Task goal: Copy the listing below letter for letter, passing over each picture.

Exercise data:
◇ ◇ ◇
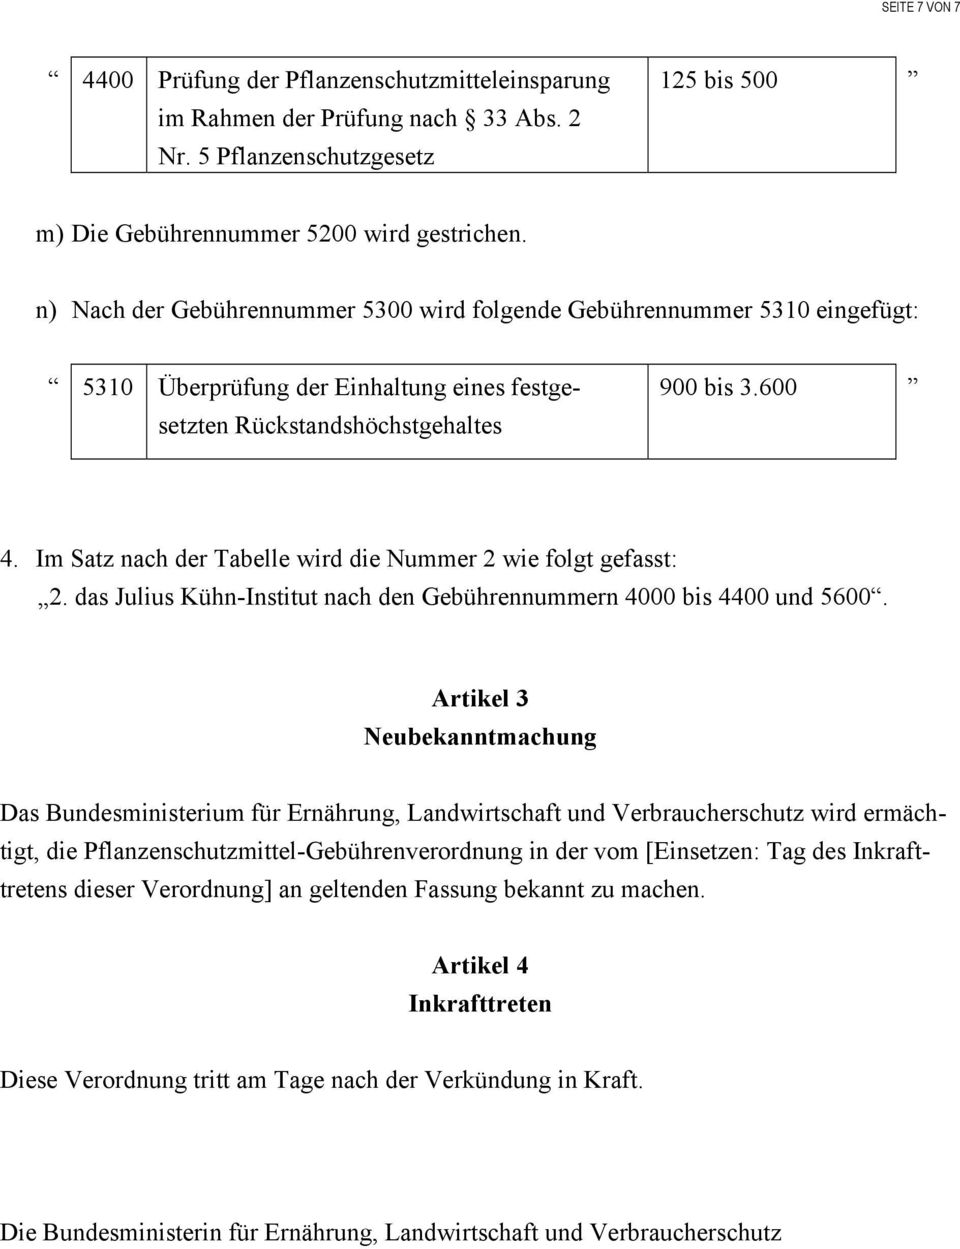 Im Satz nach der Tabelle wird die Nummer 2 wie folgt gefasst: 2. das Julius Kühn-Institut nach den Gebührennummern 4000 bis 4400 und 5600.
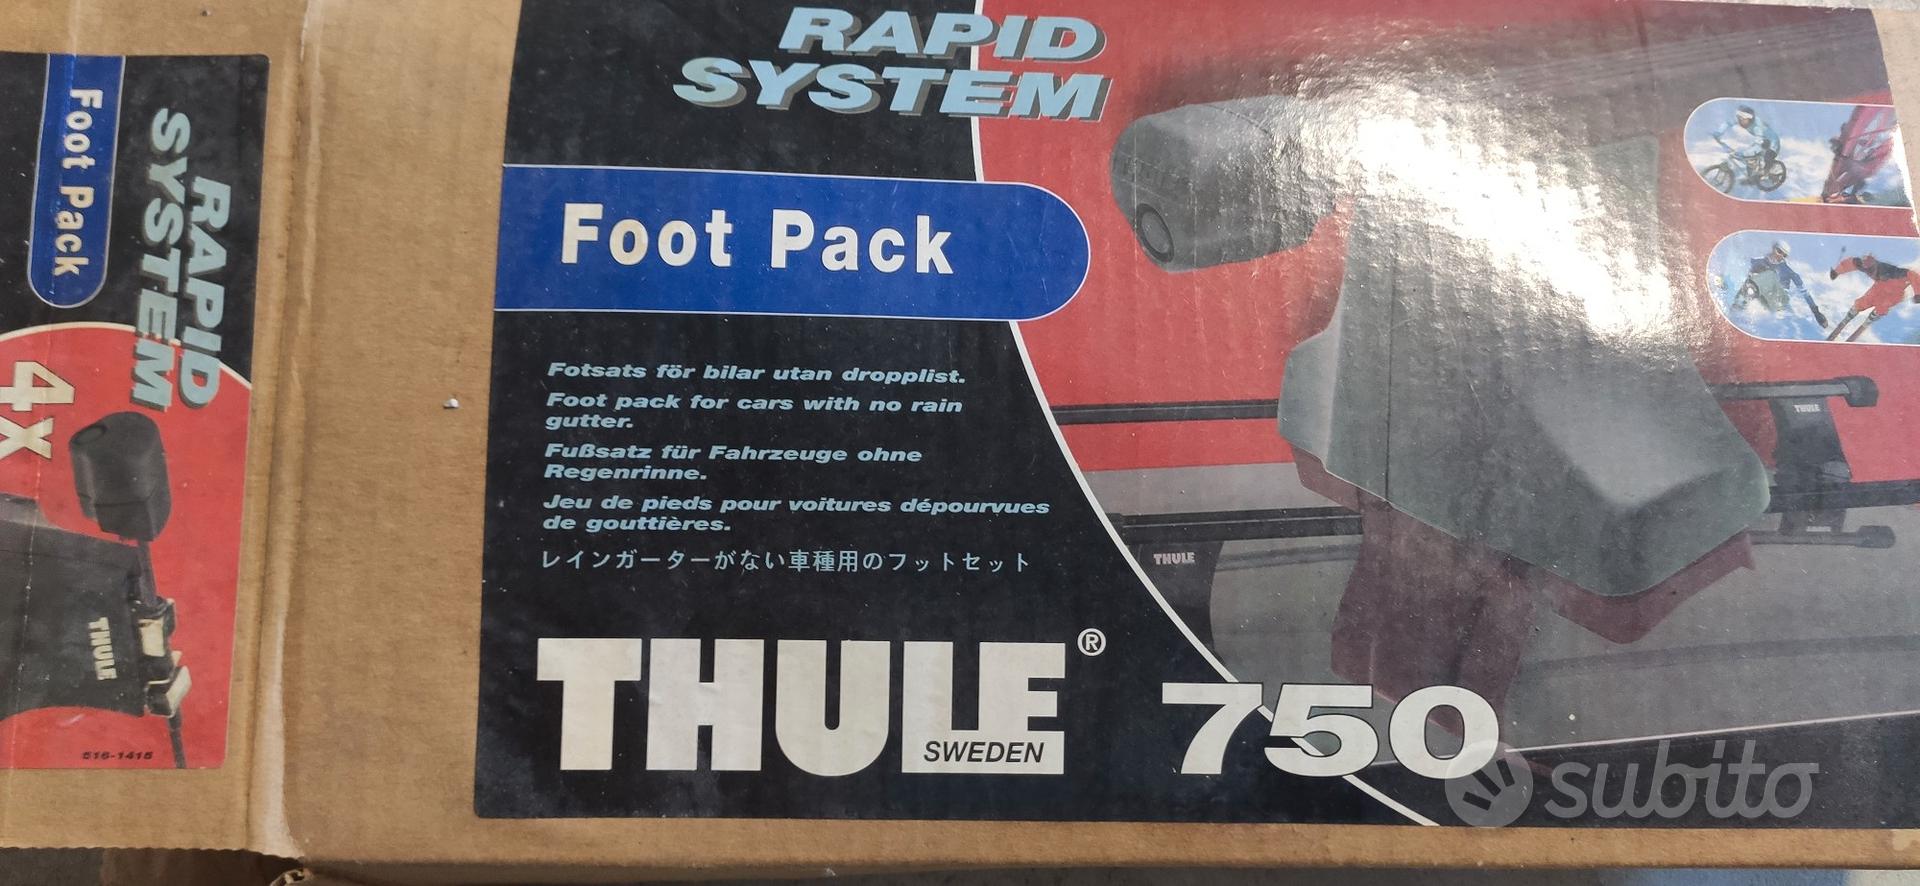 piedini Thule foot pack 750-Rapid system - Accessori Auto In
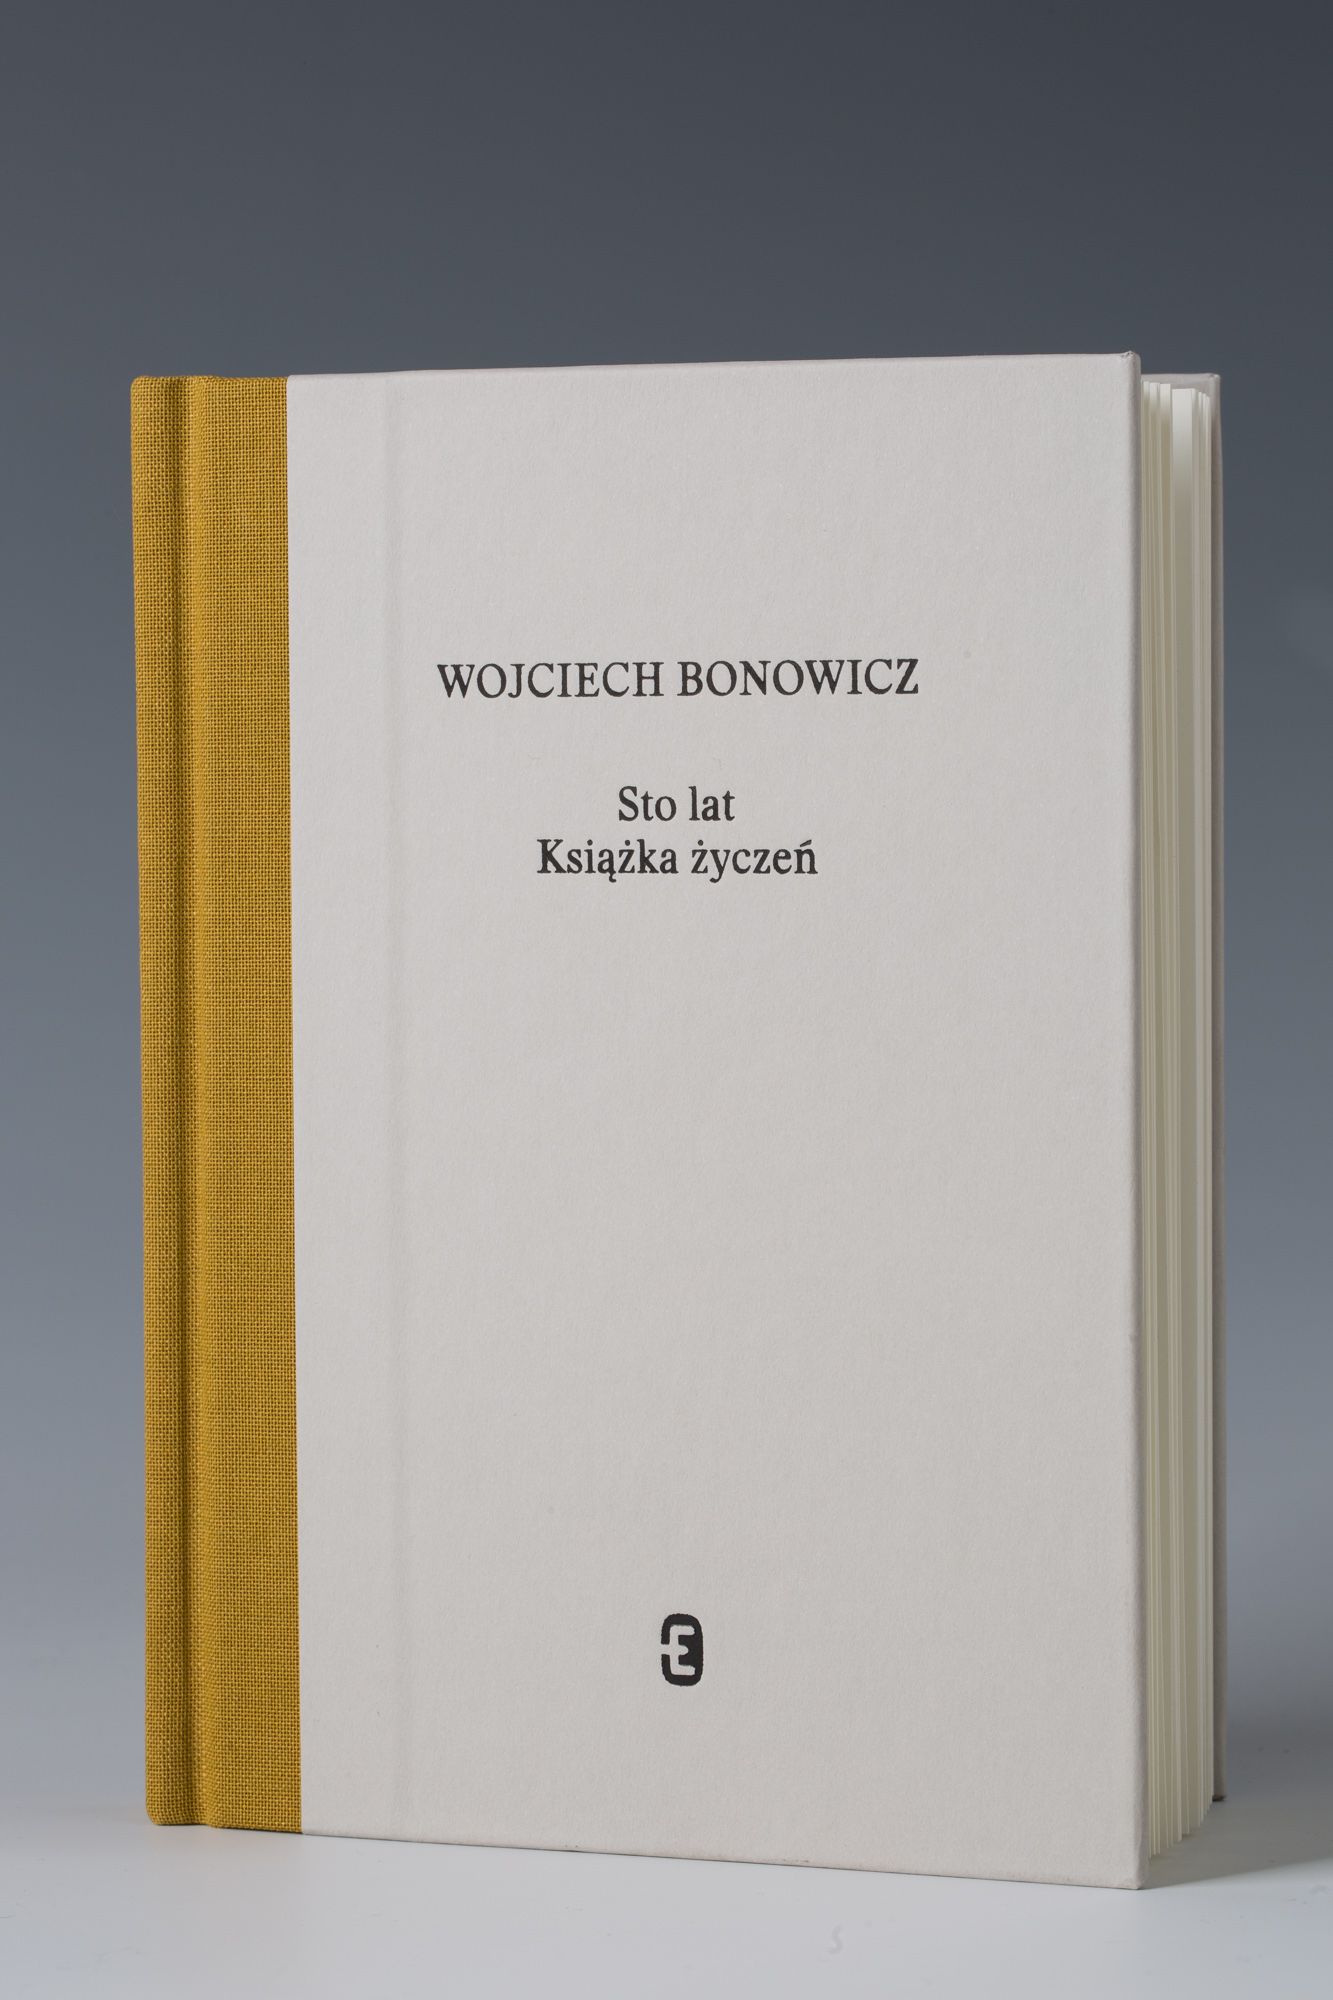 „Sto lat. Książka życzeń", Wojciech Bonowicz
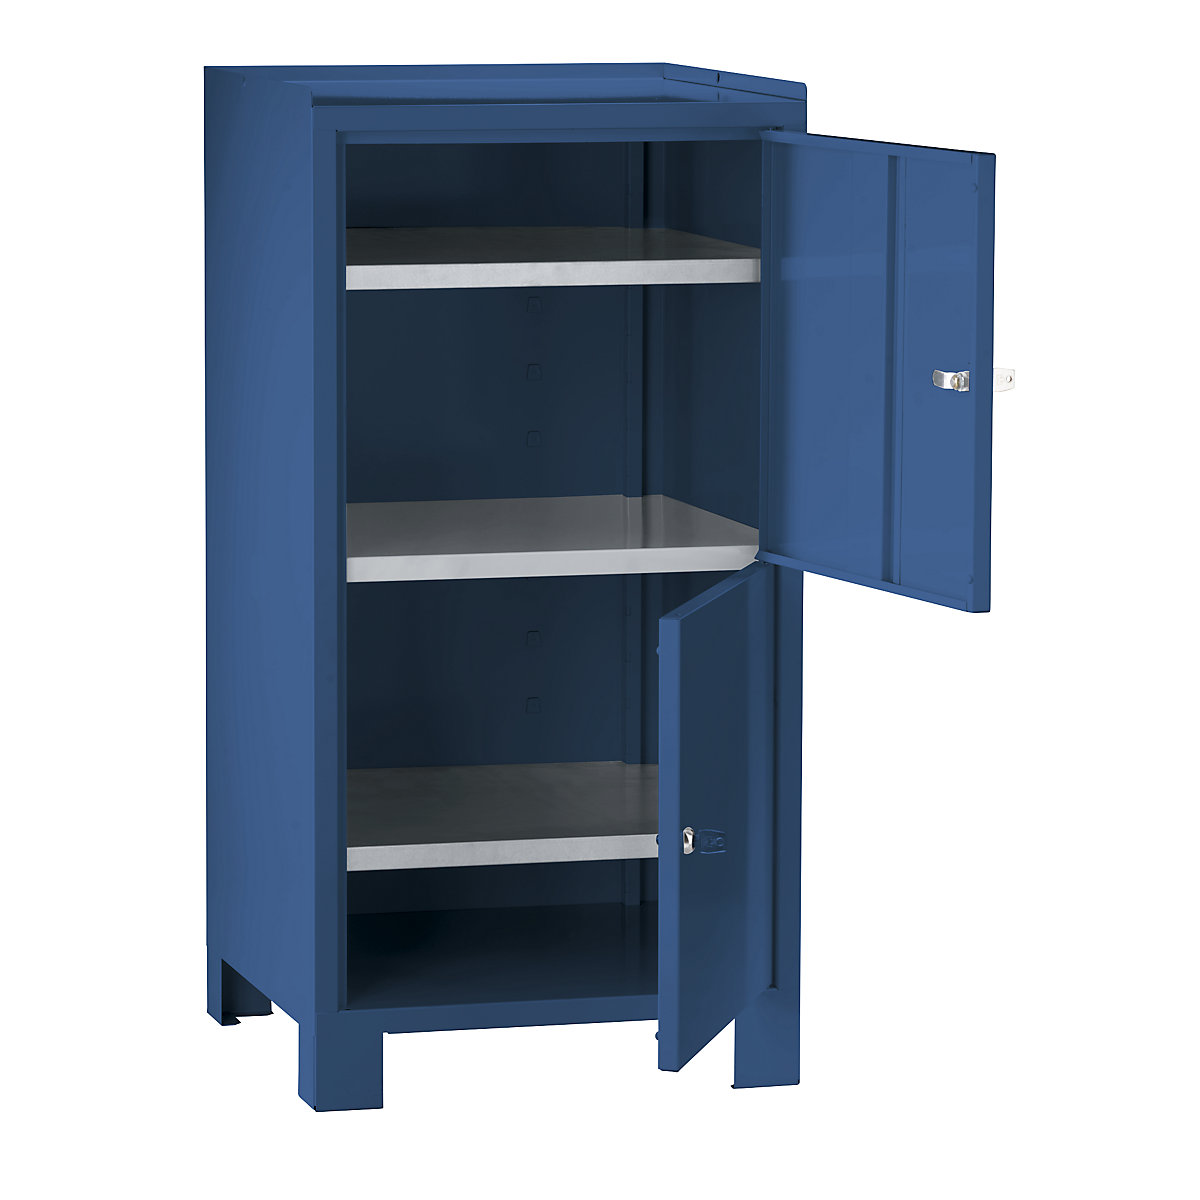 Armário para ferramentas com pés – Wolf, AxLxP 1000 x 500 x 500 mm, 2 compartimentos fecháveis com 1 prateleira cada, azul brilhante RAL 5007-11
◇ ◇ ◇
Answer to the problem:
 Im Satz nach der Tabelle wird die Nummer 2 wie folgt gefasst: 2. das Julius Kühn-Institut nach den Gebührennummern 4000 bis 4400 und 5600.
 piedini Thule foot pack 750-Rapid system - Accessori Auto In
 „Sto lat. Książka życzeń", Wojciech Bonowicz
 Armário para ferramentas com pés – Wolf, AxLxP 1000 x 500 x 500 mm, 2 compartimentos fecháveis com 1 prateleira cada, azul brilhante RAL 5007-11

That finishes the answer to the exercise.